Эрик наградил ее бешеным взглядом в ответ на последнюю реплику, однако счел за лучшее промолчать и не ввязываться в обсуждение достоинств господина Дантса.

– Что мы будем делать с этими бумагами? – наконец проговорила Шарлиз. Они лежали между ними на столе, Эрик бегло проглядел их и сразу отложил.

– Даже сжечь их – и то не поможет, – ответил он, пожимая плечами. – Полагаю, кто-то все-таки видел тебя, или ты чересчур бурно выражала свою радость по поводу того, что нашла их. Так что ты на крючке. Эти зашифрованные письмена вероятно были очень дороги твоей заботливой и любящей тетушке, если она втравила тебя в историю, где ты можешь легко потерять жизнь. Не представляю, что это может быть. Но что это не шутки, очевидно.

– И что мне, сложить руки и ждать, пока за мной не начнут охотиться? – воскликнула Шарлиз.

– Да что за тобой охотиться-то? Невелика птица, – фыркнул Эрик. – Они знают, кто ты такая, где живешь, как выглядишь.

– Кто – они?

– Мне-то откуда знать.

– Тогда что делать, отдать бумаги? Кому? Барону? Он вел себя так подозрительно.

– Кому бы ты их ни отдала, это уже не будет иметь значения. Ты попала в чужую игру бесправной пешкой, однако о том, что ты тут случайный человек, не знает никто, кроме тебя самой. Если эти бумаги стоят того, чтобы за них побороться, тебя всегда будут подозревать, что ты либо прочитала их и обладаешь ценной информацией, либо что ты изначально в сговоре с твоей удивительной тетушкой. В любом случае, ты потенциально опасна. А такие фигуры стоит убирать с доски, даже рискуя собственными. Ты теперь не ниже туры в их глазах, Шарлиз, если не весь ферзь.

– Вот уж спасибо, польстили мне…

– Ты же хотела правду, – жестко заметил он, принудив ее уныло опустить голову.

– Что же делать? – повторила Шарлиз, поднимая потемневшие серые глаза на Эрика в надежде, что он, до сих пор щелкавший ее задачки, как орехи, придумает какой-нибудь выход.

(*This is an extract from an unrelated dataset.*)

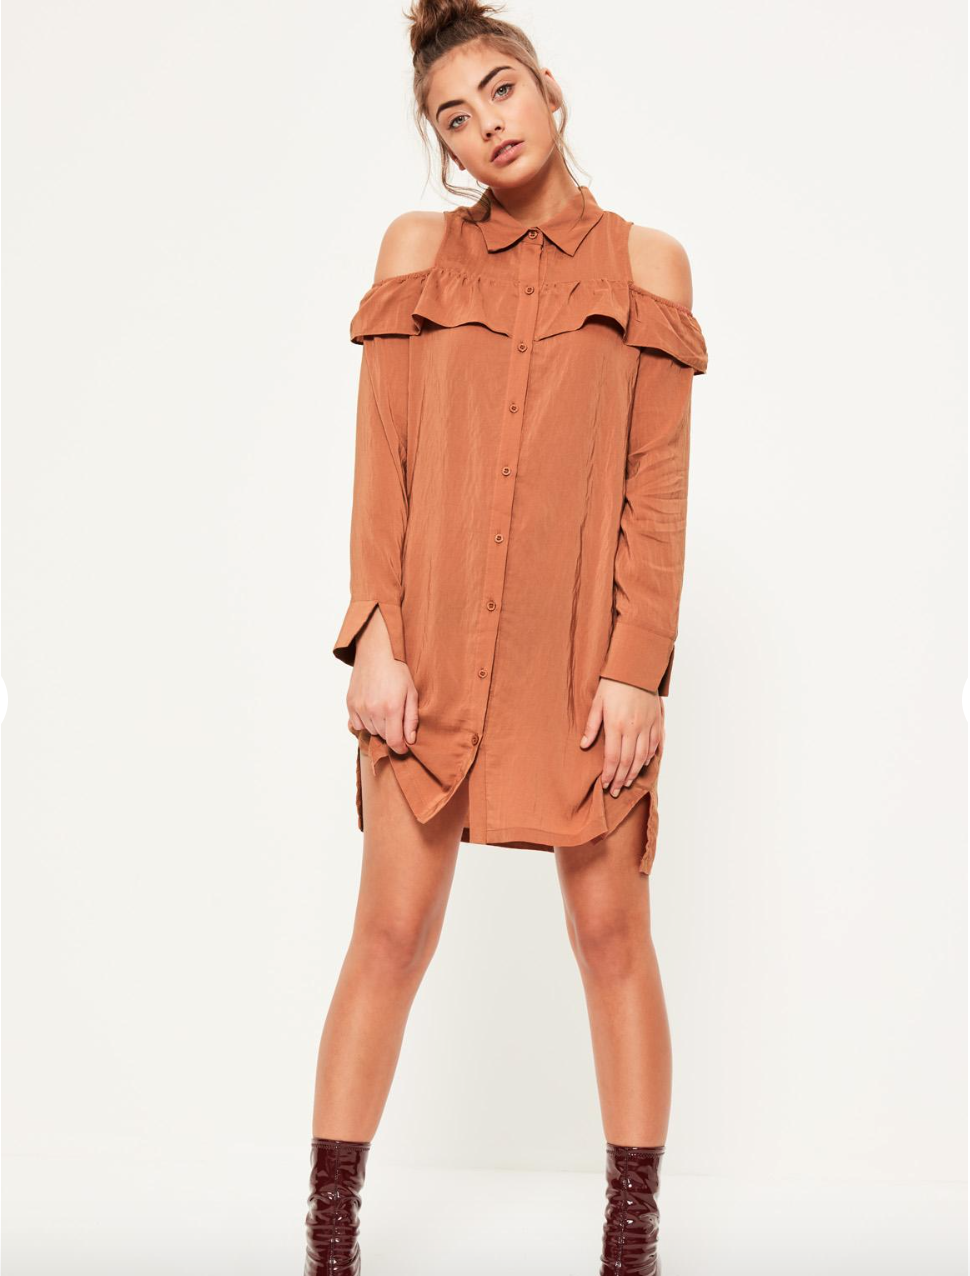 Missguided Cold Shoulder Dress $45.00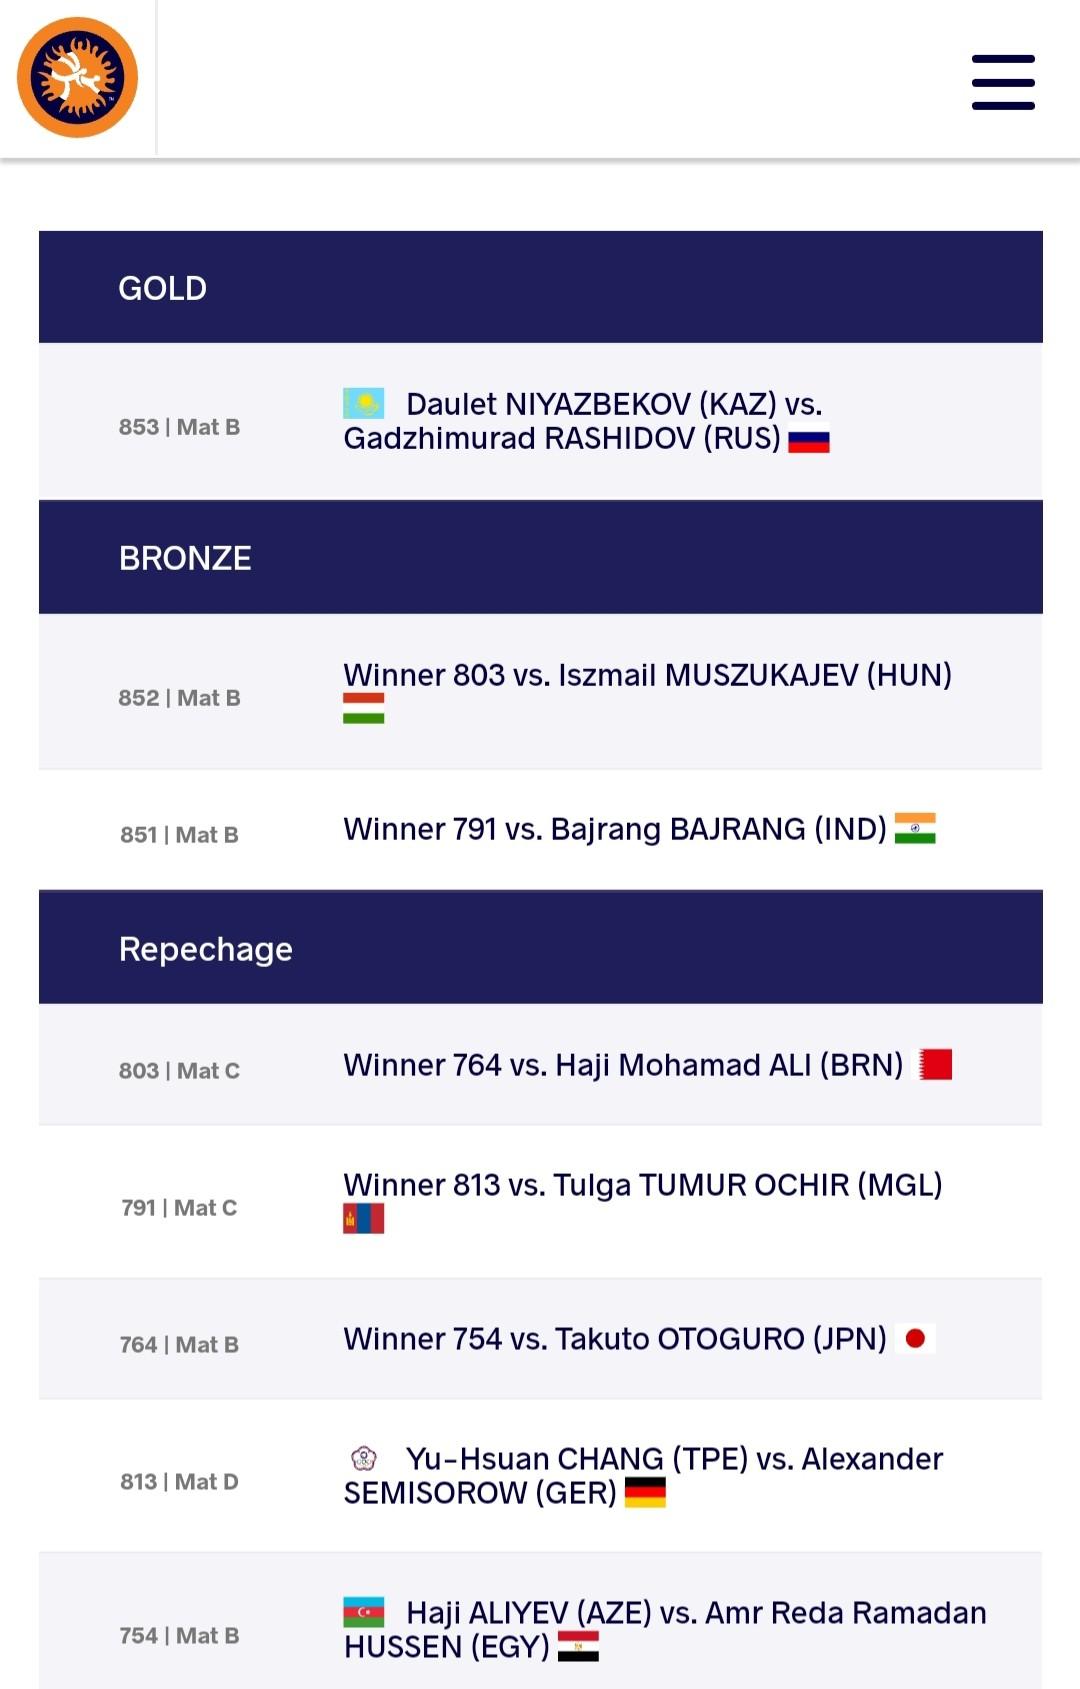 مافیای کشتی در رقابت های جهانی/ آزادکار اخراج شده آذربایجانی به جدول مسابقات بازگشت!

Но он не мог предложить ей ничего путного.

– Прятаться, как мышь по углам до конца своих дней. Удрать куда-нибудь подальше. Сесть на корабль, отходящий в Индию. Или попытаться переиграть профессионалов. Расшифровать записи, и попытаться найти силу, превосходящую ту, с которой ты столкнулась, и заключить с ней мир на выгодных тебе условиях. Раз за бумагами охотятся, значит, есть от кого их прятать. А значит - есть, кому их вручить, предоставив псам самим грызться за кость.

– Но тетя… она ведь не случайно поручила мне забрать их из сейфа? Наверно, она хотела бы, чтобы я нашла для них безопасное место? Или передала кому-то?

– Да забудь ты про тетю! Она не заботилась о том, как ты из-за нее рискуешь. Так что же тебе за дело, чего бы она хотела? Она блюдет свои интересы! А ты вспомни про свои!

Шарлиз мрачно насупилась. В таких вещах Эрик вечно оказывался прав: как бы ей ни хотелось отрицать, а тетя Шейла действительно поступила с ней как-то не по-родственному. Может быть, она не знала, что все так серьезно? Пока она предавалась невеселым размышлениям, в дверь неожиданно громко постучали. Шарлиз невольно всполошилась, вскочила и заметалась по комнате. Эрик философски наблюдал за ее метаниями, не двигаясь с места.

– Думаешь, это уже пришли за тобой? – зло усмехнулся он. – Собрать тебя в последний путь, кузина?

– Эрик! Не надо, пожалуйста! Мне и так уже дурно! Открыть?

– Открой. Чудная идея. Открыть на ночь глядя двери и впустить сюда незваных гостей. Или, может быть, ты еще кого-нибудь пригласила на чашечку чаю? Тогда скажи, я их радушно встречу… познакомимся, поболтаем… Если только они прежде не рухнут в обморок! – резко выкрикнул он. Шарлиз вздрогнула и судорожно вздохнула.

– В тебе яду, Эрик, столько, что хватит разъесть всю ржавчину в Париже.

– Лучше яду, чем глупости, – парировал он.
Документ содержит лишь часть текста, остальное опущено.